日常生活充滿弔詭。它往往伴隨一些負擔,即最現實的處世艱難,使其慣性顯得無需置疑,或無從說起。然而,它又突然真空起來。你只有眼前的事,彷彿跟過去與將來的重量割開。那不代表輕盈,卻是隔離。

因而,生活是一連串斷層,飄在時間的海。我們一直在注定的流逝裡,感到不安。

哲學家漢娜.鄂蘭在其論文 Love and Saint Augustine 從聖人奧古斯丁(354-430)的思想梳理時間和空間。她寫及,人生在世要不處於「不再」(no more),要不處於「尚未」(not yet)。生命,就如時間一樣,來自所有尚未發生的事情,然後消失至不能復返。日復日的無聊也好,激蕩也好,委曲也好,它總來回消弭。鄂蘭要談「愛」,而說明了時間。愛之所以難,在於它總伴隨失去的恐懼,因為時間正在倒數,萬物終步向死亡。如果一切邁向消解,那「愛」是什麼,愛還可能嗎?鄂蘭由此重新定義時間,她著眼過去和未來的微妙夾縫,即是當下。

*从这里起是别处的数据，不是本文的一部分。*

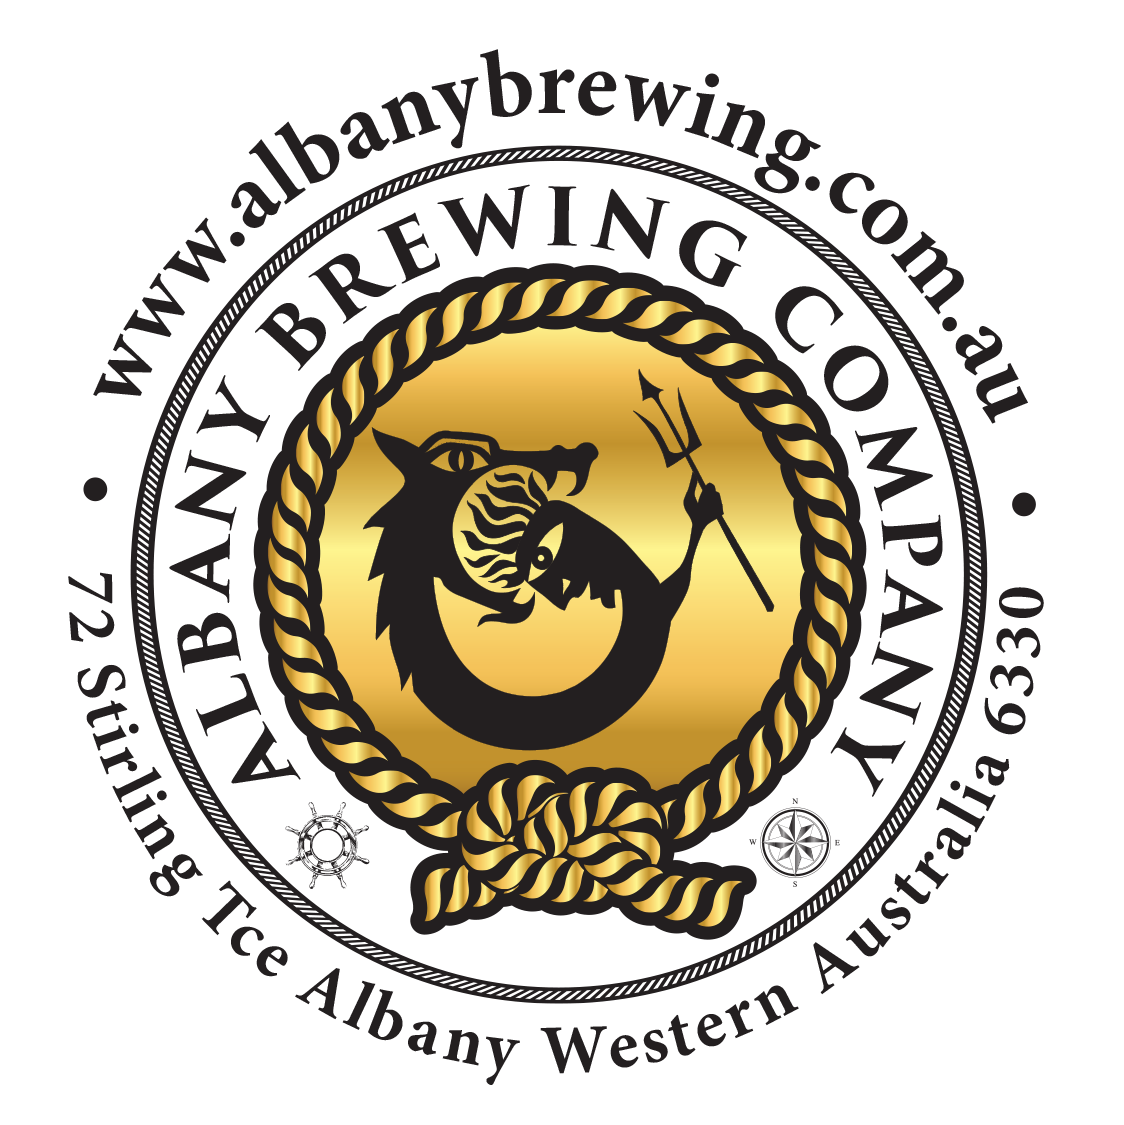 Albany Brewing Company

如果沒有空間為載體,時間便沒法存在。她提供了一個看法——只有當下能夠因為「人」作為一個「空間」(space)而真實存在。她寫及:「只有靠著把過去及未來,召喚成現在的記憶與期待,時間方能存在。因此唯一確鑿的時態是現在。」(註1)隨著鄂蘭的思考,人的當下充滿可能,時間在某程度可被克服。正正因為這種超越的特質,「當下」是人能夠愛的一個起點。反過來,若要愛,或者就不得不透過體察(連接過去和未來的)當下,透過內在錨點連結自己,連結這個世界。

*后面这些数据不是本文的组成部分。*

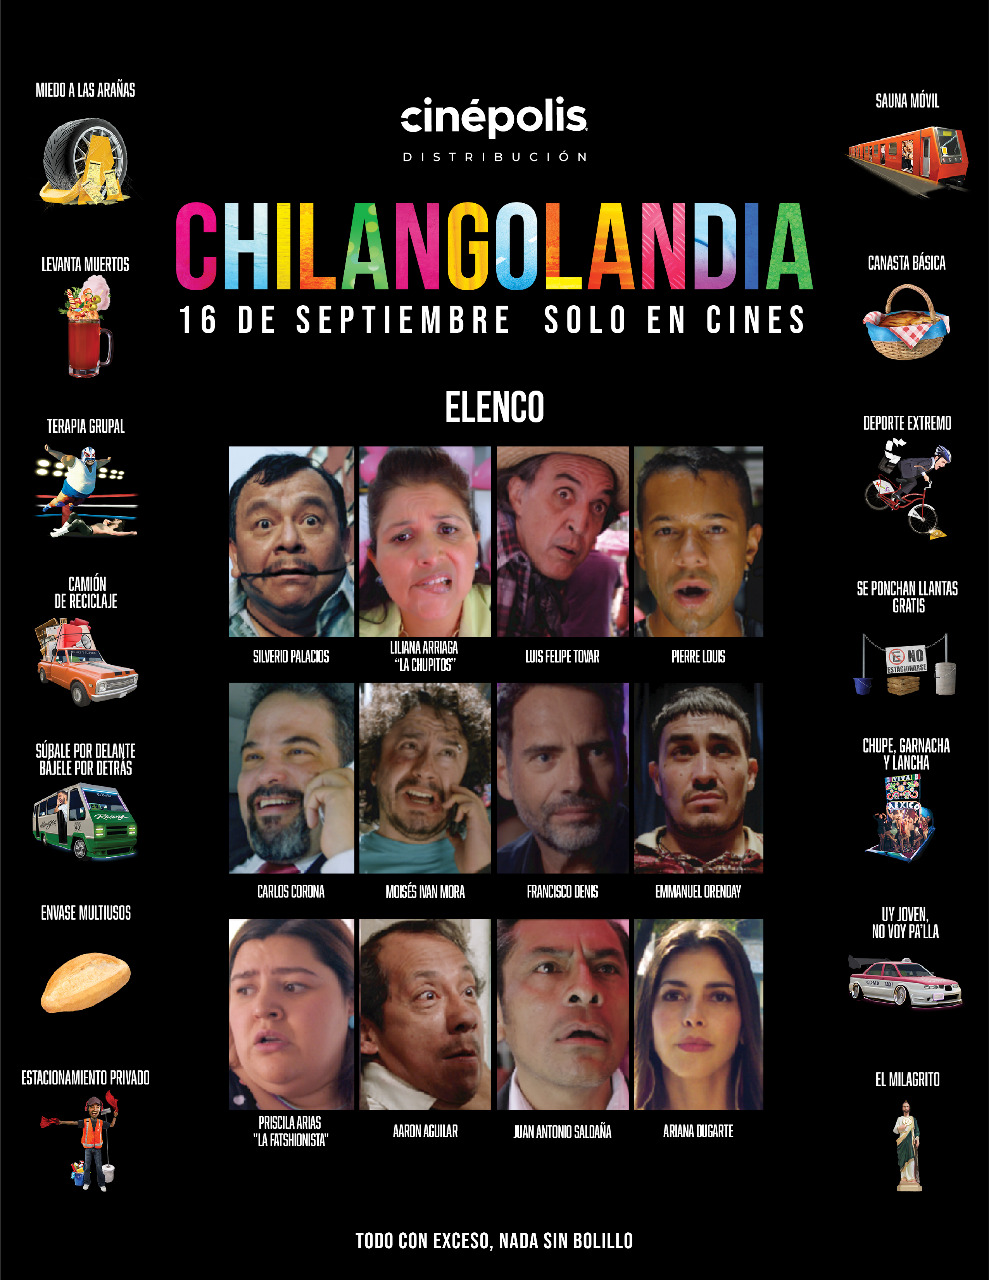 Llega Chilangolandia el 16 de Septiembre a Cinepolis

那麼,藝術如何讓我們重新看待日常,並決意下錨?日常生活由大量重複的行為集合而成。肉身、心靈和動作均可成為當下存在的「空間」。藝術透過捕捉日常,重組這些時間的錨點。黎倩華(阿步)的創作圍繞行為、in-situ (就地、臨場)方法,作品經常思考身體、動作經驗與所在環境的關係。多年來,她經歷數次移居,搬離又搬返香港,並在疫情中展開漫長的舊居裝修歷程。本展覽記錄她在復修實體的家後,安居變成更為內在的狀況。

在展覽中,阿步將以日常兩大基本行為——進食、步行為素材。這些重複且有時麻煩的行為包括煮飯、備菜、趕車、行路等。她探索動作中、物料中、與他人關係中的「定」與「動」,從而發掘經驗中的微光,好好地微觀、放大、回顧、感受,甚至抵擋或重奪。作品將充斥著「動詞」,其裝置、影像、行為(和其痕跡)邀請觀者一同參與這場現在進行式。

首部分展區,主要圍繞阿步如何回應外在世界。在影片《行行下》,阿步留意街上「半臨時」的接駁物料,在公共空間塑造親密感。她聚焦這些支撐著城市急速運作的物件,透過邀請它們一起遊玩,變相轉移其被預設的功能和象徵意義。《夢遊開心果 - i》進一步帶觀者走入半虛半實的空間,重塑上述城市物料之餘,融入夢境、記憶和與母親的點滴,讓私密與公共重疊。

不止於獨步,《步行者筆記 - 痕跡》邀請友人進行步行練習,記錄他們在路上衍生的有機對話。藝術家試著面對與人相處中的不確定性。當交換視點時,無論相同或各異,他們亦引發互相對現實環境的重新演繹,集體加以抵抗,與他人培養共存的社群韌性。

由展場中間六角型結構起,作品漸趨藝術家的內在,而憶記(remembrance)就像一個個錨,待被拋到錨點。裝置作品《提子Jam》呈現提子不同的時態和形態。阿步收集吃完提子剩下來的提子莖,風乾並小心儲存;將提子煮為果醬,稍為延長和保存營養,防止衰壞。這些重複的動作慢慢累積成一種介入行動,以延伸片刻的感悟。而《7天份的急凍廚餘》裡,藝術家把食物渣滓凍結凝住,將此殘餘物化為臨時雕塑,從死亡中拖拉出來,暗示日常記憶的幽靈狀態。即便如此,阿步試著捕捉,並留下一個存檔。作品邀請觀者坐在餐桌前,稍稍休息,藉藝術家提供某段靜止過去,讓人對照他們當下那晃動的鏡像,進入內心的現在進行式。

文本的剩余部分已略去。